» **RAW DATA**:
++++++++++

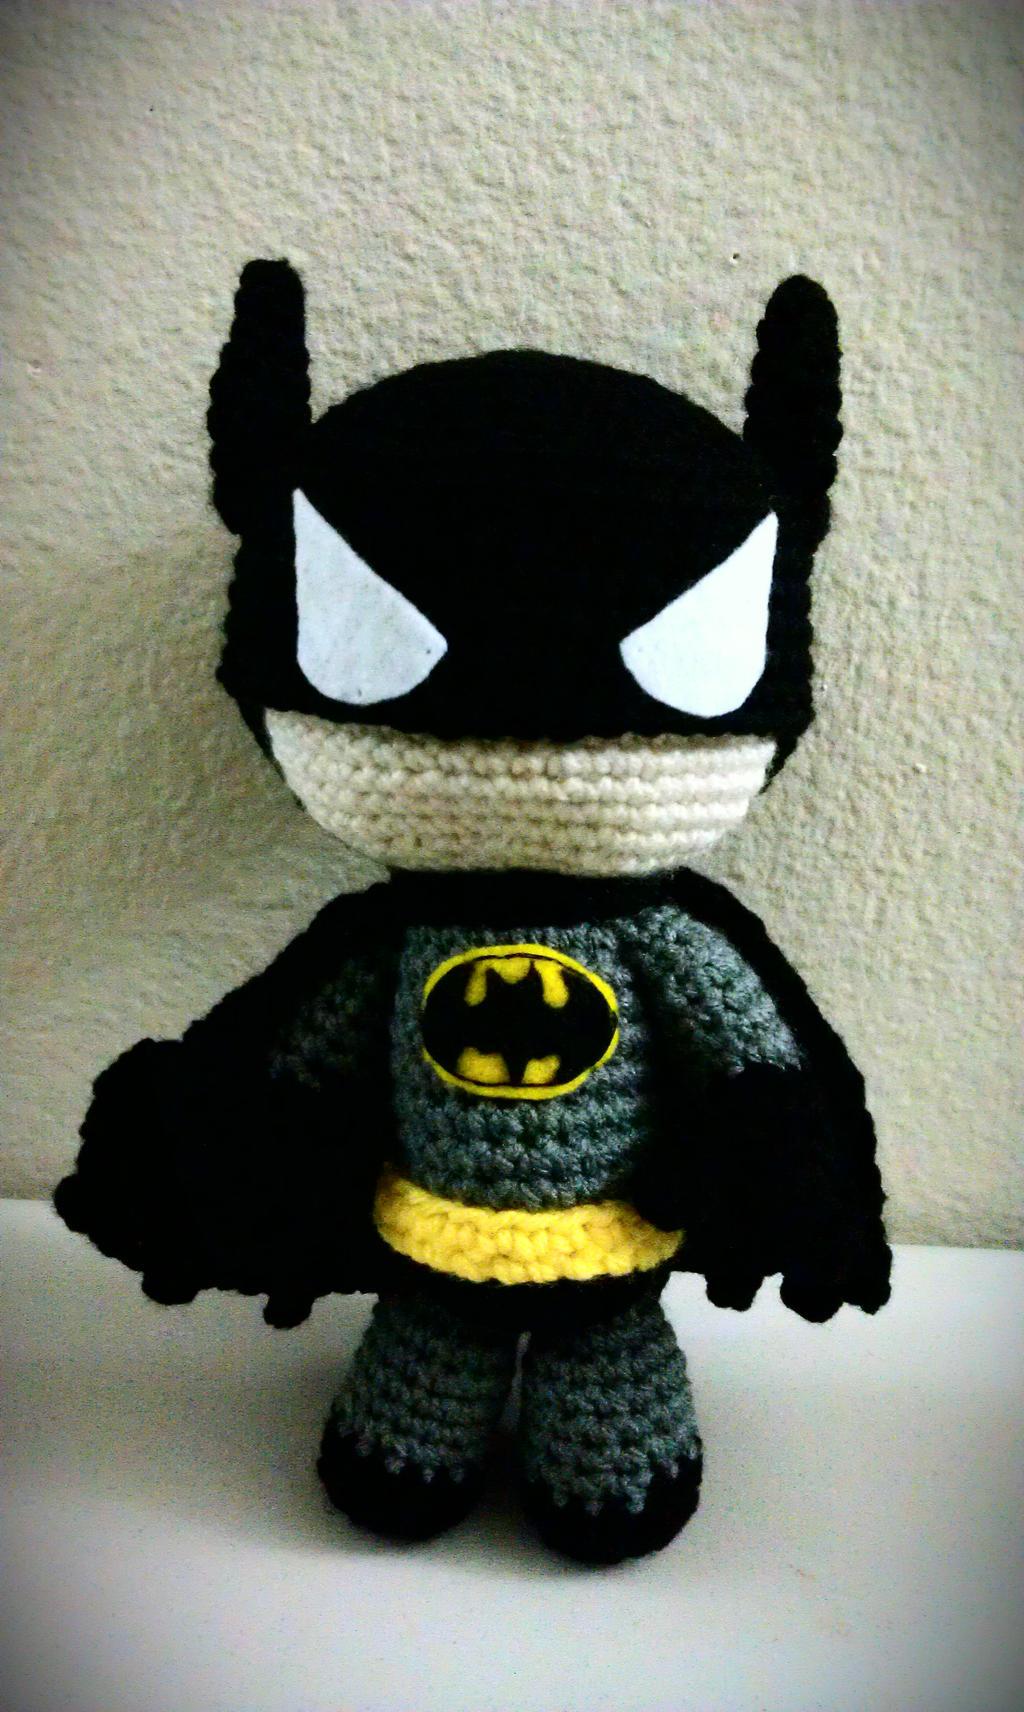 Amigurumi Fox Crochet Pattern Free : New Batman Sackboy! by LucreziaNatas on DeviantArt
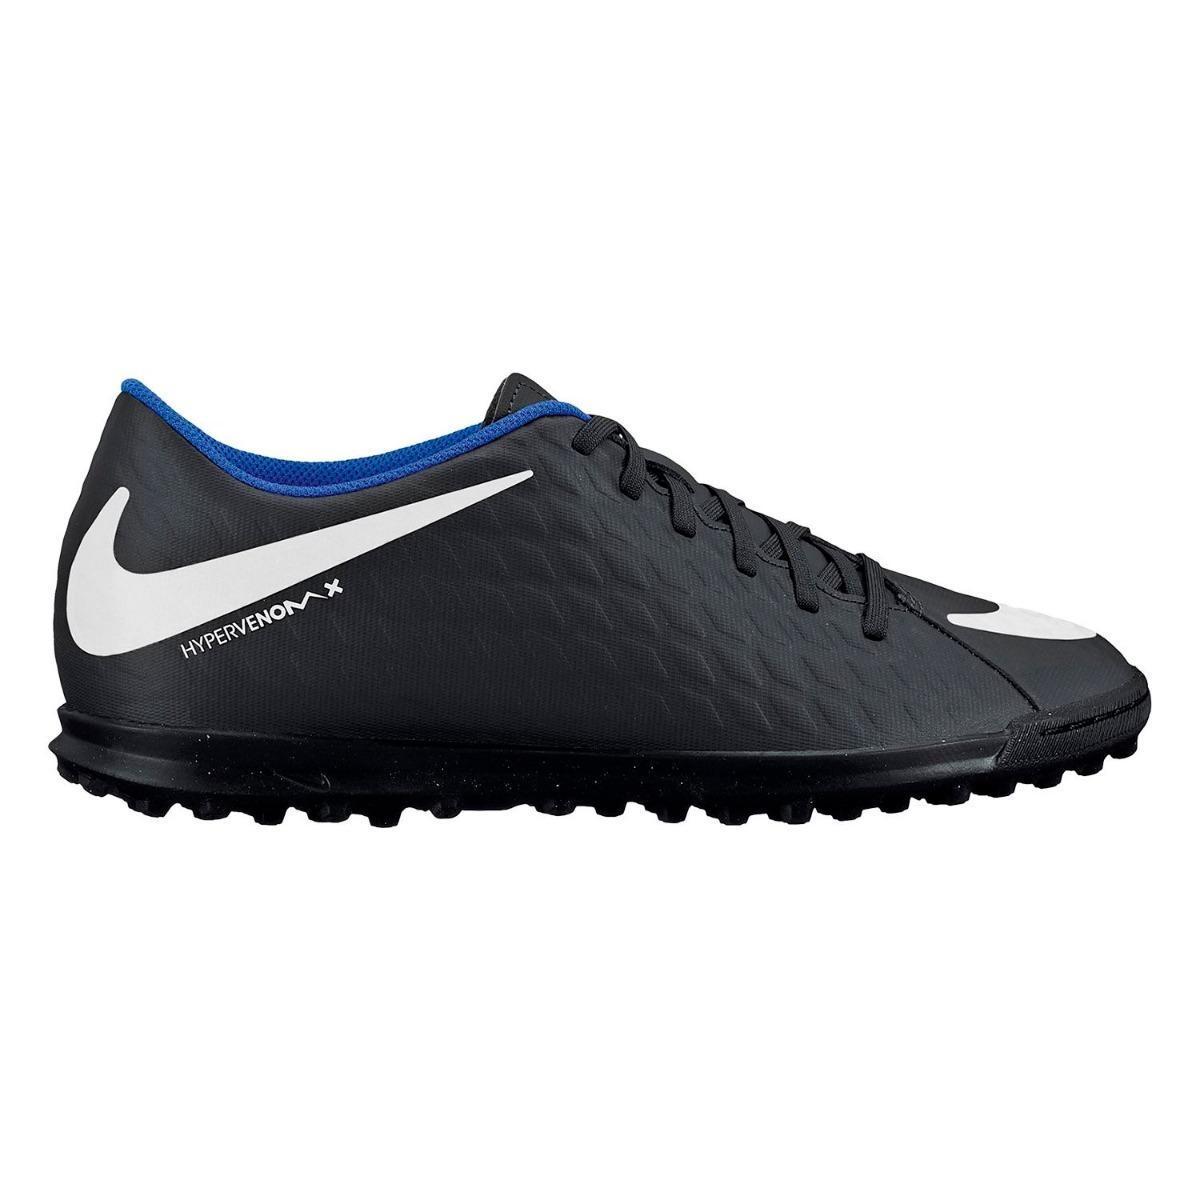 super popular 86754 0a8ad best price zapatillas nike mercurial para grass cc57a 3b57a best price zapatillas  nike hypervenom phade 3 tf para grass sintetico. cargando zoom. 4861c
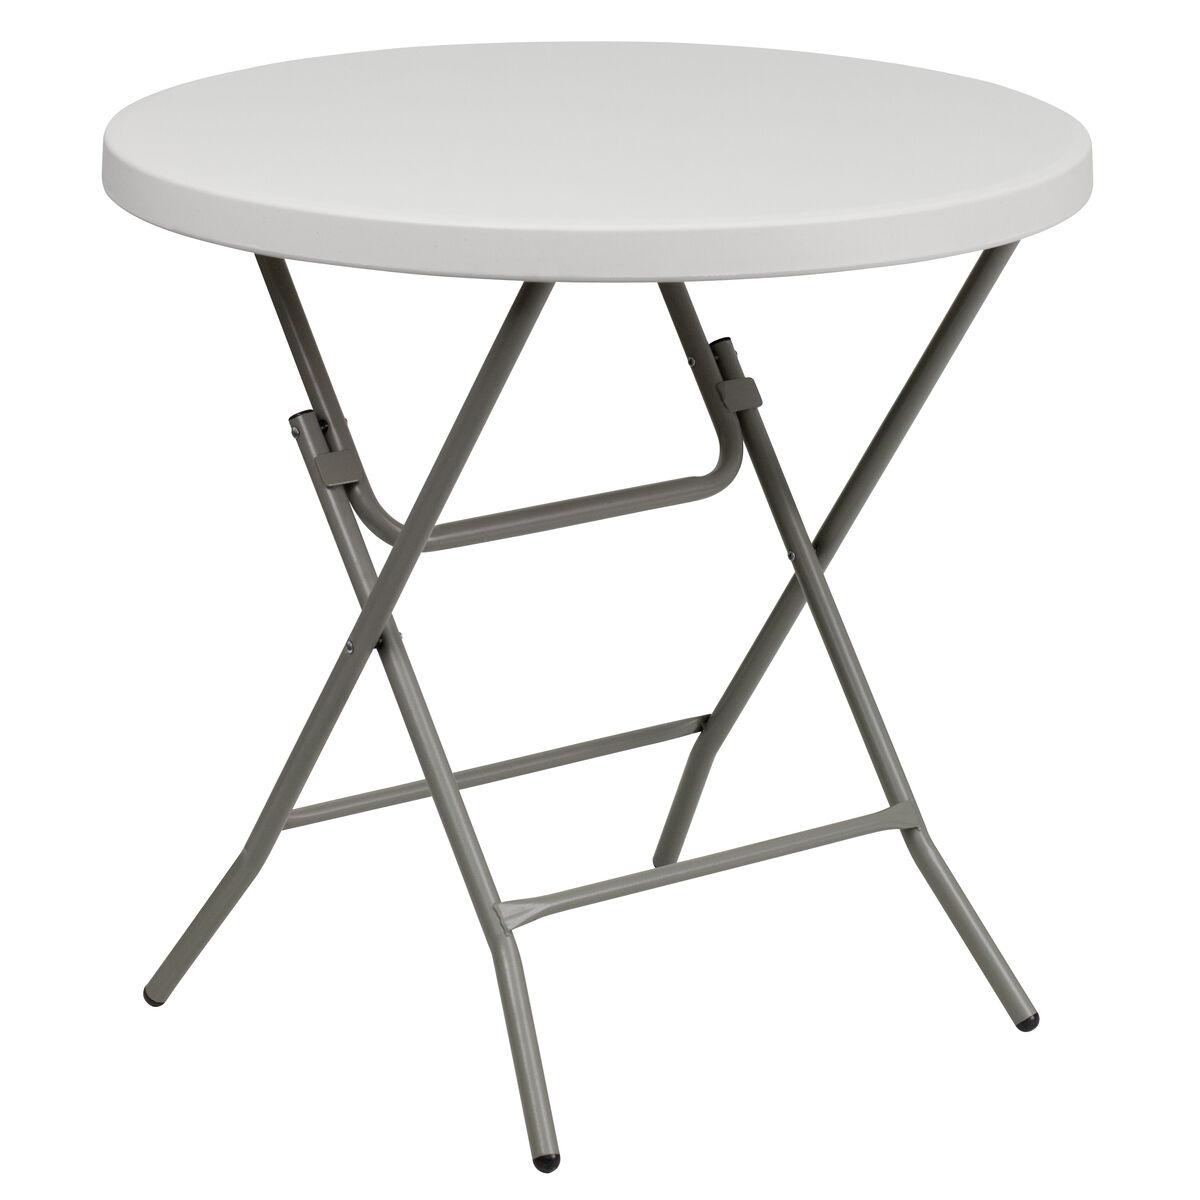 32rd White Plastic Fold Table Rb 32r Gw Gg
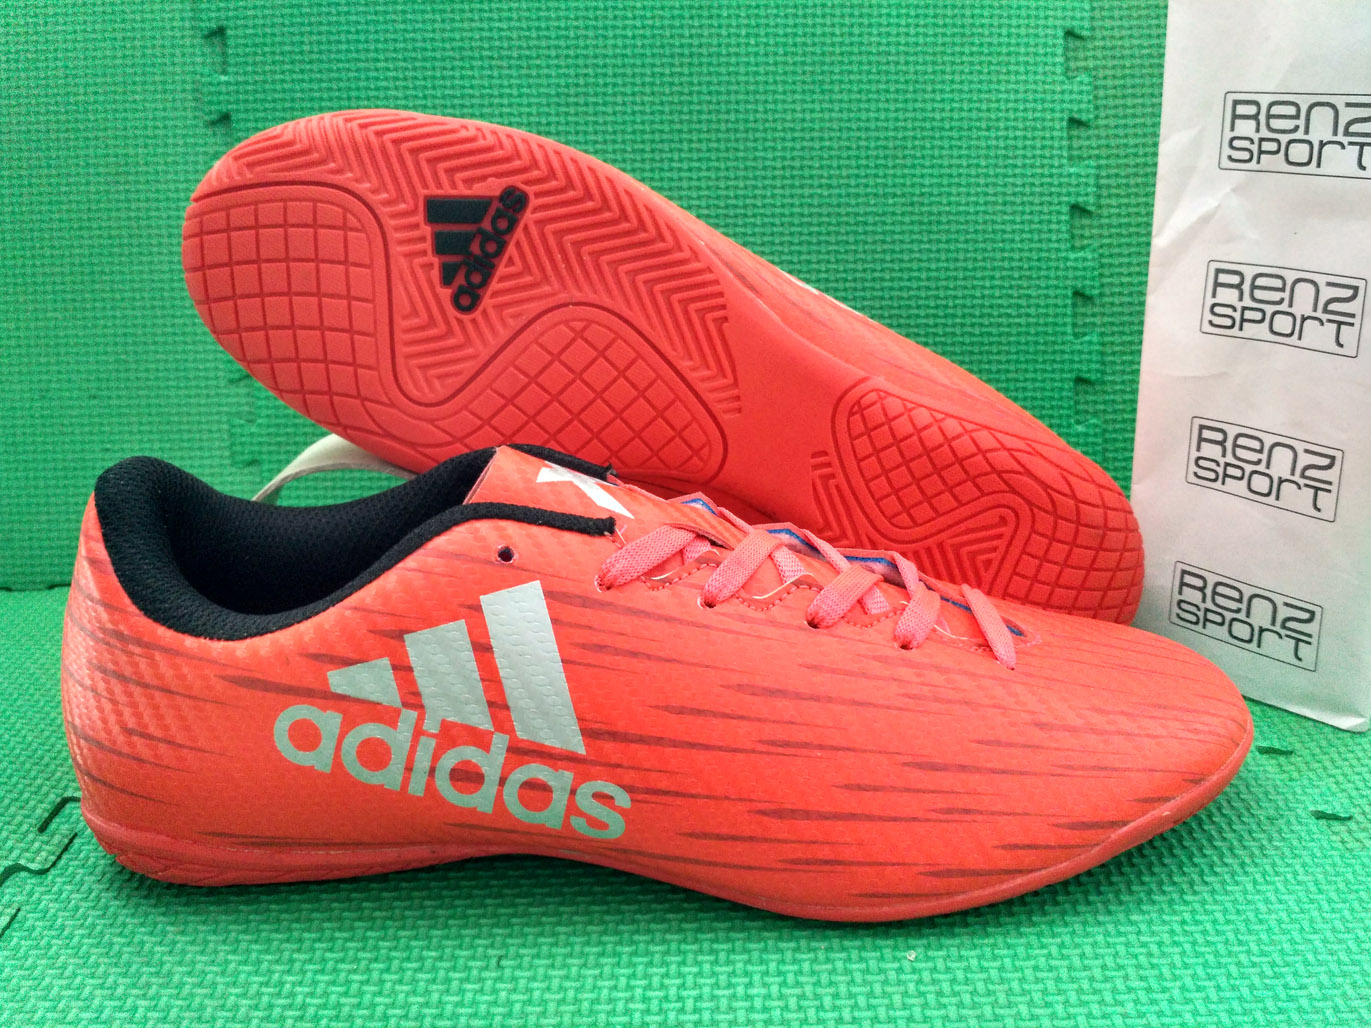 Jual Sepatu Futsal ADIDAS X CHAOS 16.1 IC Red - Renz Sport ... 84dcd65aee

++++++++++

Without the pictures, output the full listing exactly as it stands.

» **EXPECTED ANSWER**:
 Amigurumi Fox Crochet Pattern Free : New Batman Sackboy! by LucreziaNatas on DeviantArt
 super popular 86754 0a8ad best price zapatillas nike mercurial para grass cc57a 3b57a best price zapatillas  nike hypervenom phade 3 tf para grass sintetico. cargando zoom. 4861c
 32rd White Plastic Fold Table Rb 32r Gw Gg
 Jual Sepatu Futsal ADIDAS X CHAOS 16.1 IC Red - Renz Sport ... 84dcd65aee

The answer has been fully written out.